Lessons Learned From 2008 Food Safety Scare

The food safety scare in the summer of 2008 still leaves a sting for Florida tomato growers. With the more recent Salmonella outbreak in peanut butter, food safety is no less in the news these days. During the 2008 Florida Ag Expo, Joanne Brown, deputy commissioner for the Florida Department of Agriculture and Consumers Services (FDACS), and Dr. Martha Roberts, with the Institute of Food and Agricultural Sciences (IFAS), addressed how the 2008 outbreak was mishandled and lessons that must be learned from it. The food scare made for a long, hot summer. 


According to Brown, in late May, officials in New Mexico and Texas linked numerous illnesses there with eating raw tomatoes in the week prior to the people getting sick. No other food items examined were associated with the illness.

In June, the FDA advised consumers in New Mexico and Texas not to eat certain types of raw tomatoes, which included rounds, Romas, and red plums. 

Two days later, the FDA released a list of states from which it was safe to purchase tomatoes. Florida was not on it. The following day, FDA expanded the advisory warning to consumers in all states to avoid the listed tomatoes.
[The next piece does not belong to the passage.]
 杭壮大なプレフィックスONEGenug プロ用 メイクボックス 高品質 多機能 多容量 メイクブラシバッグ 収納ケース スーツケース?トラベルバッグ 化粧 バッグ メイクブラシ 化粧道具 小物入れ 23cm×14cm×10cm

FDACS was informed by FDA that Mexican and Florida tomatoes were involved in their investigation being conducted to determine the source of the Salmonella. Florida and Mexico supplied nearly all of the tomatoes available in the U.S. during the beginning of the outbreak. Over the next four days FDACS, the Florida tomato industry, and FDA worked out a plan to return to the marketplace Florida tomatoes that were not in production at the time of the outbreak. Nineteen tomato-producing counties were added to the FDA’s “safe tomato” list, and all shipments from those counties would be accompanied by a certificate issued from FDACS. 

FDA officials visited numerous locations in Florida during the investigation and tested a large number of environmental and tomato samples. However, they were unable to find any Salmonella that included the saintpaul strain that was the cause of the illnesses.
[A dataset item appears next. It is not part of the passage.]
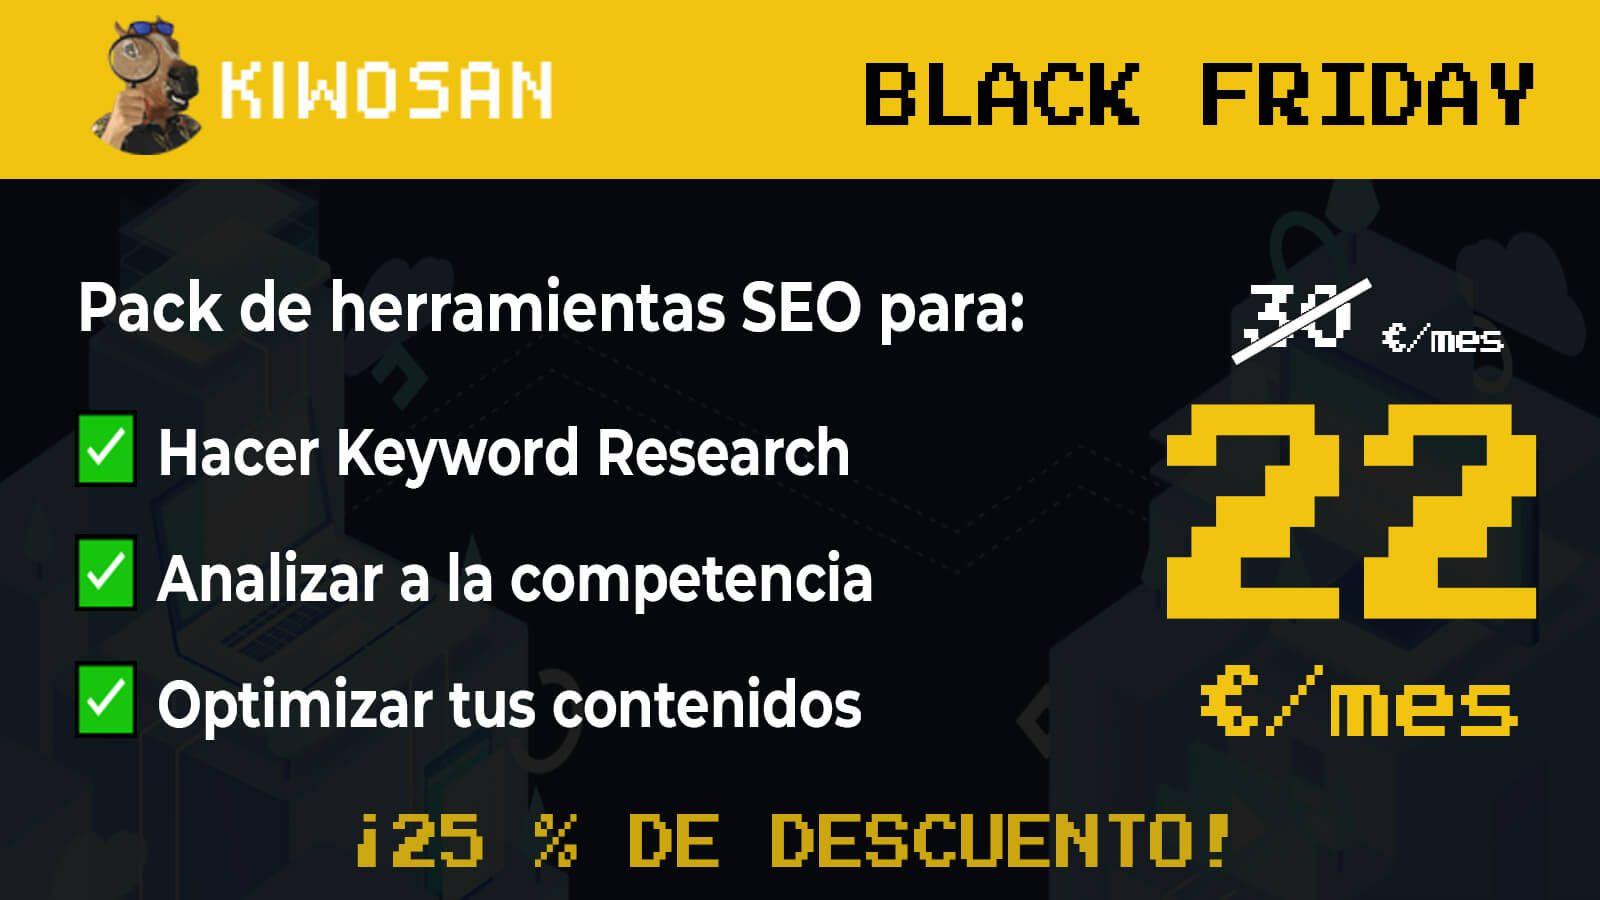 Oferta Black Friday Kiwosan 2.0

One month after the nationwide advisory on tomato consumption, investigators linked several restaurants to groups of people who had gotten sick with the same strain of Salmonella. Based on what they had consumed, jalapeño and serrano peppers were implicated in the outbreak. On July 9, FDA issued a warning on consumption of raw jalapeño peppers, and on July 17, it lifted the advisory on tomatoes.

Eventually, FDA tracked the source of the jalapeño peppers to a distributor in Texas and production in Mexico. They isolated the outbreak strain of Salmonella saintpaul from a jalapeño pepper in the warehouse in Texas and from environmental samples at farms in Mexico. On Aug 29, the Centers for Disease Control and Prevention (CDC) declared the outbreak was over. The last official case count was 1,463 cases from 43 states, the District of Columbia, and Canada.

The Florida tomato industry was hit hard by being labeled the source of the outbreak and is now working to restore consumer confidence that was severely damaged by the Salmonella outbreak. The event cost tomato growers $150 million nationally.

Due Diligence

Dr. Martha Roberts noted that Florida growers had already exercised more “due diligence” than others when it comes to food safety by adopting tomato good agricultural practices (T-GAPs) for growers and tomato best management practices (T-BMPs) for post-harvest handlers. These are mandatory practices, and the law went into full effect in July of 2008. Much of the practices were being conducted by growers and handlers when the 2008 outbreak occurred. 

Roberts posed the question that many in the tomato industry were asking after the outbreak: Why spend so much time and resources on these food safety practices, if this is going to happen anyway? She noted that Florida growers and packers went out of their way to cooperate with FDA and CDC officials during the outbreak investigation, but by starting with the presumption that tomatoes were the cause of the outbreak, investigators missed the true source and did massive damage to the industry.

Once the presumption is made that a produce item is the source of an outbreak, irrefutable evidence must be presented that it is not part of the outbreak. That is very difficult to do in a complex supply chain like tomatoes.

Lessons Learned

Roberts noted that the investigation process following an outbreak needs to be streamlined and made more transparent. She added the need for a mechanism to absolve or exonerate a product once associated with an outbreak if it is proven to be clean.

There is a need for better and more immediate communication with CDC, state health departments, and FDA to quickly address outbreaks. And, Roberts stressed the importance of investigators involving state industry personnel during times of crisis — something investigators didn’t fully do during the 2008 Salmonella investigation.

The importance of quick traceback is critical in bringing a food safety scare to a quick resolution. The new T-GAPs and T-BMPs provide for robust record keeping to ensure quicker traceback. However, traceback only works if investigators are tracing the right food, making epidemiology all the more important.

After the outbreak, all parties involved are studying where the investigation went wrong and how to better handle future outbreaks. Currently, there are multiple bills in front of Congress to help achieve much needed reform.